Well, it looks like I'm super late to the party, but in the fine tradition of this particular thread, I do come bearing a wall of text
(actually more than one wall, since it seems there's a 15000 character limit on post length). Recently I've been working on updating my extraction/insertion utility based on updates to the Table File Standard (TFS) between June 2011 and March 2012 (that's still the current version, right?). After going through the March 2012 document in detail, I've compiled a list of things in the TFS that I believe are incorrect or unclear. I'll mostly skip over spelling, grammatical, and formatting issues except where they affect understandability of the TFS. Much of this is going to be nit-picking details, so I apologize in advance if the "constructive" gets buried under the "criticism"; I'm just trying to help! As always, thanks for all your hard work
: Maybe say ".tbl file extension" instead of "TBL file extension"? Are we actually requiring table files to follow any particular naming conventions?2.1
: I'm assuming "text-to-text" is a typo and should actually say "text-to-hex".18.104.22.168/2.2.2
: The TFS is pretty clear about only supporting "Longest Prefix" for hex-to-text translation, but there are many different algorithms available for text-to-hex translation. My understanding is that what we're concerned about here isn't really TFS compliance (since that's covered by 22.214.171.124), but letting the end user know what behaviour they should expect from text-to-hex translation, and I think these aren't the right words to use for doing that. As the end user of an insertion utility that implements the TFS, the things I would be most concerned about in terms of text-to-hex translation are knowing whether the inserted bytes are going to be correctly interpreted by the game's text engine as the text I want to see displayed and knowing whether as few bytes will be inserted as possible to achieve that correctness.
With that in mind, how about replacing this section of the TFS with requiring some sort of documentation on the text-to-hex translation algorithm(s) that the utility implements, preferably including correctness and optimality conditions?
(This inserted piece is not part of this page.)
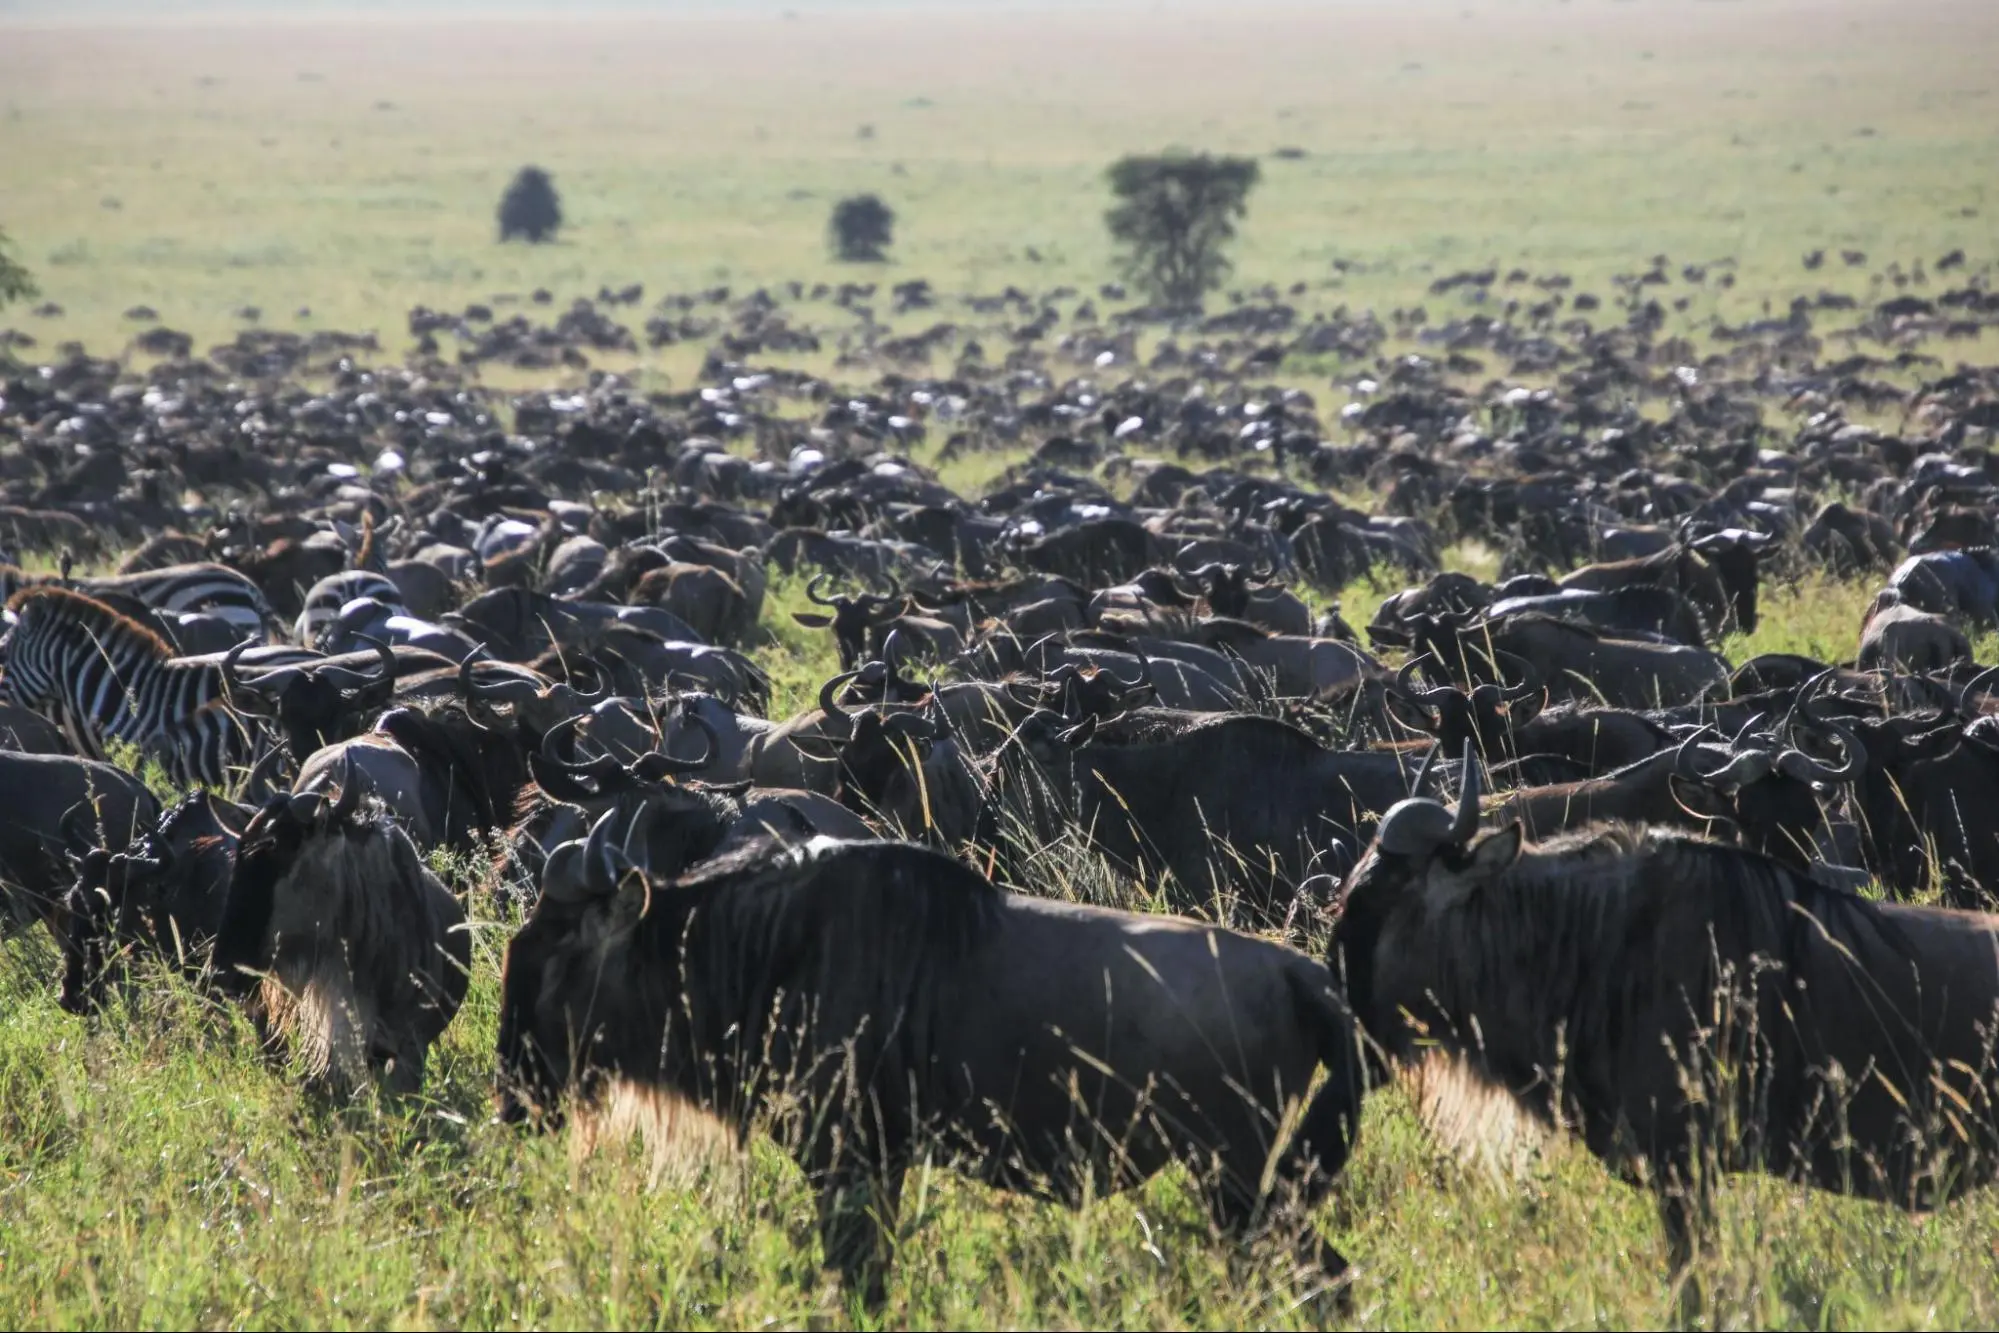 A breathtaking sight of a massive wildebeest herd in the Serengeti, Tanzania. Witness the seasonal wonders

It doesn't have to be a novel, but seeing something in the utility's documentation like this:
This utility implements a Longest Prefix insertion algorithm, which guarantees correct text-to-hex translation based on the provided table files as long as the following conditions are satisfied:
- all table entries are contained in a single table; and
- no table entry's hex sequence is a prefix of any other table entry's hex sequence; and
- for each character used in normal table entries, a table entry exists which maps some hex sequence to that single character;
and at least one of the following conditions is satisfied:
- the text to be translated does not contain raw hex bytes; or
- the hex sequence of every table entry represents a single byte.
It also guarantees the smallest possible hex length of any correct text-to-hex translation as long as the following additional conditions are satisfied:
- the hex sequence of every table entry is the same length; and
- the text sequence of every normal table entry is no more than 2 characters long.
This utility implements an A* path-finding insertion algorithm, which guarantees correct text-to-hex translation based on the provided table files and guarantees the smallest possible hex length of any correct text-to-hex translation.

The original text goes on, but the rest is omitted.